L'écrivain américain Thoreau, qui partit vivre un an dans une cabane au milieu des bois, écrit dans son Journal* : « Aucun homme n’a jamais imaginé à quel point le dialogue avec la nature environnante affectait sa santé ou ses maux. » Nous le savons : la nature, c’est bon pour la santé ! Très bien, répondent les soignants, mais alors, quelle dose?
De nombreux travaux sont consacrés à cette question de « dose ». Par exemple, on a montré que deux jours de balade en forêt augmentent significativement l’activité de nos lymphocytes T (cellules sanguines précieuses pour l’immunité) durant environ un mois. Et au quotidien? A quelle dose consommer ce qu’on appelle volontiers aujourd’hui la « vitamine V » (V comme vert). Des chercheurs catalans viennent de proposer une règle, dite « 3-30-300 ». Pour savoir si vous prenez suffisamment de vitamine V, posez-vous ces trois questions :
Est-ce que je vois chaque jour 3 arbres ou buissons depuis chez moi (que voyez-vous par votre fenêtre) ? Est-ce que je vis dans un quartier dont environ 30 % de la surface est couverte de verdure (arbres dans ma rue, squares, jardins publics) ? Est-ce que j’habite à moins de 300 mètres d’un espace vert?

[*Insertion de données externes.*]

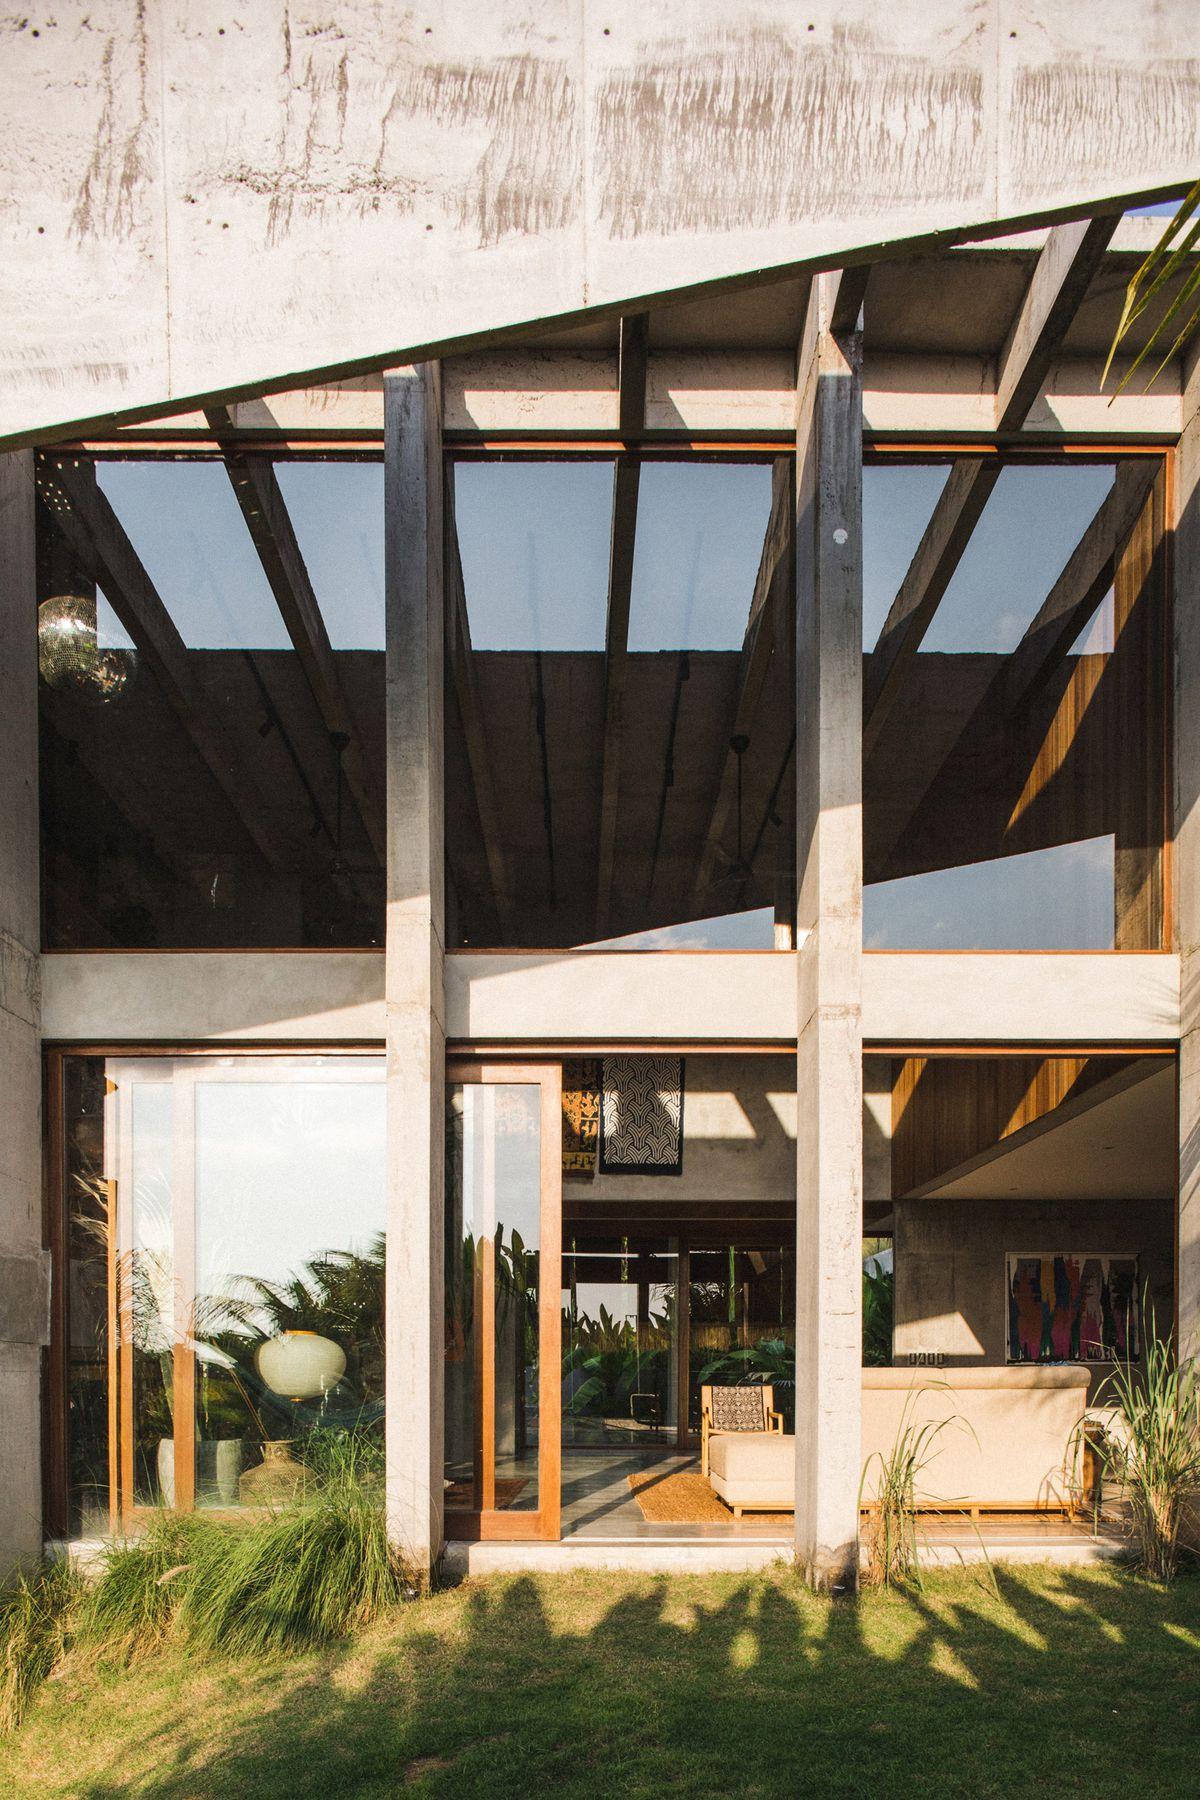 House with big glass windows

Cette étude concerne surtout les citadins. Pardon pour les lectrices et lecteurs campagnards, mais près de 80 % des Français vivent en ville. Et pour la plupart d’entre eux, cette règle 3-30-300 n’est pas si simple à appliquer. L’étude dont je vous parle, conduite à Barcelone sur 3 200 personnes, montre que seulement 5 % des sujets obtiennent ce quota ! Dommage, car lorsqu’il est atteint, on s’aperçoit que les personnes concernées bénéficient d’une meilleure santé mentale, consomment moins de médicaments, ont recours à moins de consultations médicales. Alors voici tout de même quelques consolations pour les urbains, que la plupart d’entre nous sont : parfois, la vie à la campagne a des inconvénients (trajets, éloignement des lieux de travail, soins ou commerces) ; en ville, il y a d’autres sources de santé : le ciel bleu, le rire, la méditation, le sport (même si pratiquer tout cela dans la nature est plus agréable) ; les plantes vertes et les sorties du weekend sont aussi des options satisfaisantes.
Et puis, si on est en dessous du quota 3-30-300, il y a un moyen d’accroître ses effets : l’art de savourer ce que l’on a sous la main ! Même si on ne vit pas dans la verdure, aller régulièrement s’asseoir dans un square, regarder les arbres, les buissons et les fleurs, admirer le ciel, respirer, se dire qu’on se fait ainsi du bien, de manière simple et tranquille, sans effort (ou presque) : voilà qui va encore amplifier l’effet de notre dose de vitamine V ! •
Christophe André dans Psychologies Magazine
*. Journal de Henry D. Thoreau (Le Mot et le Reste. 2018).
Références : « The évaluation of the 3-30-300 green space rule and mental health ». EnvironmentalResearch. 2022.
« Effects of shinrin-yoku (forest bathing) and nature therapy on mental health : a systematic review and meta-analysis ». International Journal of Mental Health and Addiction. 2020.